Kenya Airways is the largest firm in the segment where Naivas would seat if it were listed at the Nairobi bourse.

The new capital injection in Naivas is earmarked for expansion in the highly competitive local supermarket business that has attracted major players, including the Majid Al Futtaim-backed Carrefour franchise as well as South Africa’s Shoprite and Game.

The Sh6 billion is nearly twice what an investor would have paid for a similar stake in 2013 based on the valuation of Naivas by Massmart, a South Africa-based subsidiary of retail giant Walmart.

Massmart sought to buy a 51 per cent stake in Naivas for Sh3 billion, but the deal collapsed following a shareholder row in the family-owned supermarket.

The Massmart deal valued Naivas at Sh5.88 billion, meaning the Kenyan retailer has increased its value nearly four times over the seven years, reflecting the growth and financial stability of the supermarket in a sector where top local chains such as Nakumatt struggled to remain afloat.

Nakumatt was dissolved in January after it failed to clear more Sh30 billion owed to suppliers, landlords and other creditors.

While Naivas has raised growth capital, its main rival Tuskys is fundraising to avoid bankruptcy.

Tuskys says it needs Sh2 billion to survive in the short term and that it has received interest from several unnamed investors, including a private equity firm that has existing operations in the retail business.

Such a suitor is expected to benefit Tuskys from the supply of both new capital and technical expertise with a large share of the payout being used to settle supplier debt and bank loans.

Carrefour is also gearing up for expansion. South Africa’s Standard Bank Group recently lent Sh3 billion to Dubai-based conglomerate Majid Al Futtaim to expand its supermarkets business in Kenya through the Carrefour franchise.

Carrefour Kenya has emerged as one of the major players in the local retail market, having launched operations in 2016 at The Hub in Karen, Nairobi.

It has grown rapidly since then and now has seven stores, including the branches at Nairobi’s Two Rivers Mall, Thika Road Mall, The Junction and Sarit Centre.

The retailer has been attracting shoppers through a mix of loyalty programmes and aggressive discounts on a wide array of merchandise. Naivas also plans to open more stores across the country. It currently has about 60 stores, half of which are in the greater Nairobi region. “The new capital will enable Naivas to develop its store-based services further and to expand its online offering,” DEG said in a statement.

“Investment will also be made in supply chains and business organisation to further enhance the quality of service and products,” the institutional investor added, noting that Naivas already employs 6,000 people.

The supermarket chain offers a broad range of products, including fast-moving consumer goods, clothing, furniture and electronics.

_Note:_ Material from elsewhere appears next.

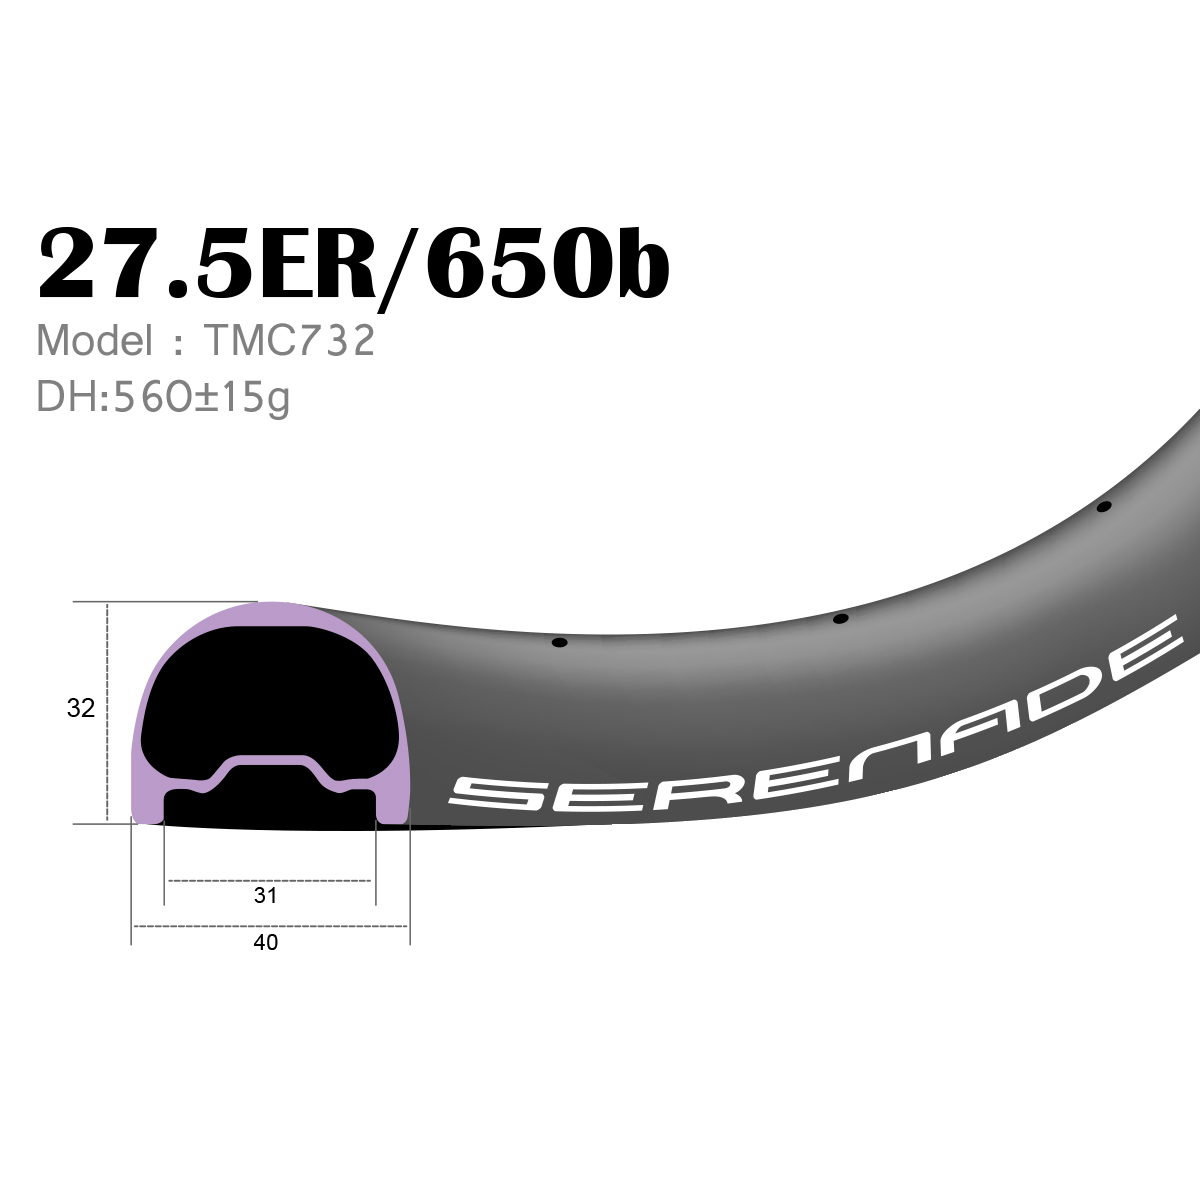 650b Endro Downhill carbon fiber wheelset rims 40mm wide TMC732 Only for DH ( Downhill ) bike carbon 650b mountain bike rims 40mm wide

“In recent years Naivas has started to take a new approach in its supermarkets, adding significantly more fresh products to its lines. Over 90 per cent of goods offered now come from local and regional suppliers,” DEG said.

Besides the capital injection, Naivas will also receive food safety advisory services from IFC. “IFC will provide a food safety advisory programme that will ensure that the company complies with the Global Good Agriculture Practice (GGAP) that is more stringent than local standards,” IFC said.